Due to their ages, the defendants cannot be identified.
However, Judge Lucraft indicated he would hear a media application to lift the reporting restriction at their sentencing hearing.
Detective Chief Inspector Sarah Lee from the specialist crime unit, who led the Metropolitan Police’s investigation, said: ‘Today I wish to express my team’s heartfelt sympathies to Kelyan’s family.
‘The brutal and senseless attack on Kelyan has deeply impacted his friends, the wider community and everyone that has worked tirelessly to identify, arrest and prosecute those responsible.
‘I hope Kelyan’s family can take some solace in this outcome but I know they remain deeply bereft at the waste of three young lives.’
An inquest in January heard members of the public attempted to help Kelyan after he was stabbed.
Detective Chief Inspector Sarah Lee said that police were called at around 2.28 pm on January 7 by a bus driver reporting a stabbing on the bus.
She said police understand that Kelyan boarded the bus at 2.06 pm at North Greenwich train station and then two male suspects boarded the vehicle at 2.26 pm.
DCI Lee continued: ‘They went up to the top deck where Kelyan was sitting and they immediately attacked him.
‘Members of the public who were boarded on the bus called for help and asked the driver to stop, which he did, on Woolwich Church Street, and the suspects fled the bus.
‘A number of passengers tried to help Kelyan. He came down the stairs and they placed him on a seat on the lower deck.’
She said the bus driver called for aid, and police and London Ambulance Service attended, but Kelyan could not be saved and he died at the scene.
At a vigil held in January at a church overlooking the bus stop where he was stabbed, one of Kelyan’s friends said the boy had a ‘pure heart’ and would ‘always be there for you’.

If these youths are old enough to kill someone in cold blood, they are old enough to be named, and if they were old enough to take a life, then a life sentence is what they deserve.
Unfortunately, there are no deterrents anymore, which is why we have an epidemic of criminality, and they should be sentenced as adults, age is no excuse where murder is concerned, particularly at their age.
This happens far too frequently these days and knife crime is out of control here in the UK. Stop and search needs to come back, with loads more police on the streets, and if you carry a blade, then it needs to be a minimum of 5 years in prison.

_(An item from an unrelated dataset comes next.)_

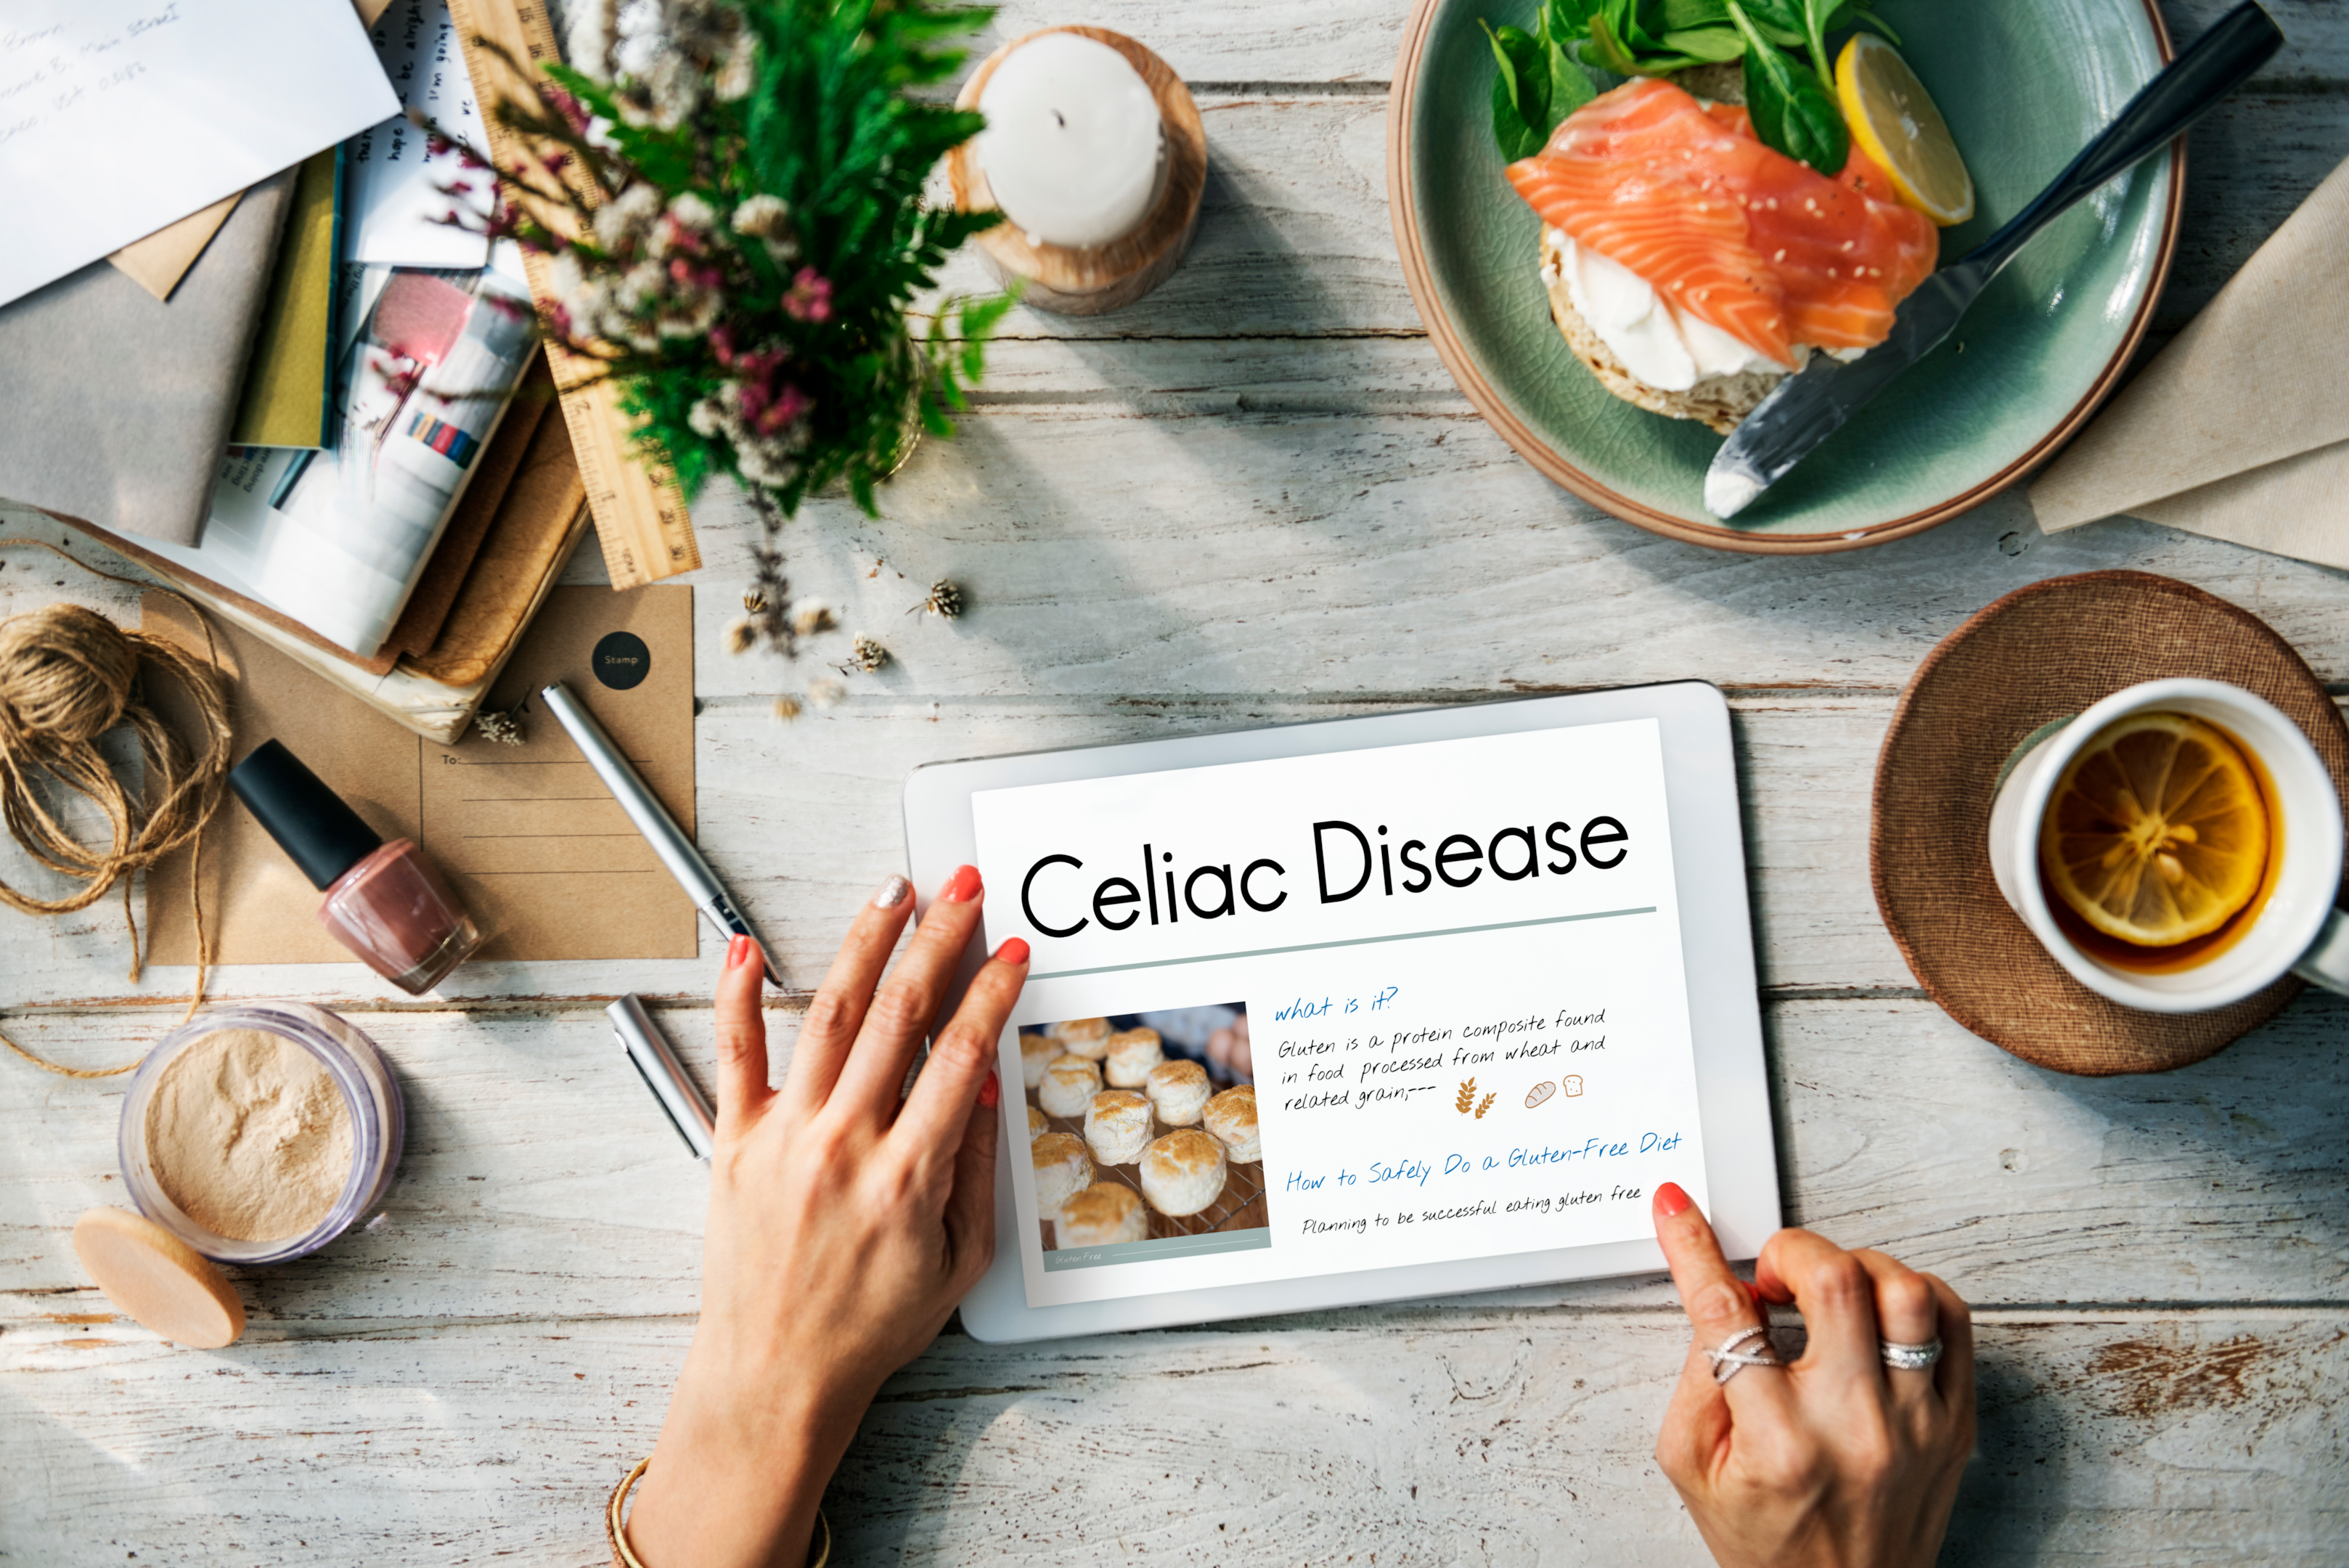 Chronic urticaria and other skin condition can be caused by untreated coeliac gluten sensitivity

But our government is afraid of being sued for racism, so they won’t do it, but they should be searching all youths, male and female, because it’s another species we have spawned, and it will get worse now that they know all prisons are full to the brim and they believe they can get away with it!
Policing is all wrong, and they have got their priorities all wrong. All we have to do is post something someone doesn’t like and the police are booting our doors down for hurting someone’s precious little feelings. Oh, do behave everybody needs to get off their ‘woke horse.’ What if it was your son or daughter that had been killed, you wouldn’t be so ‘woke’ then!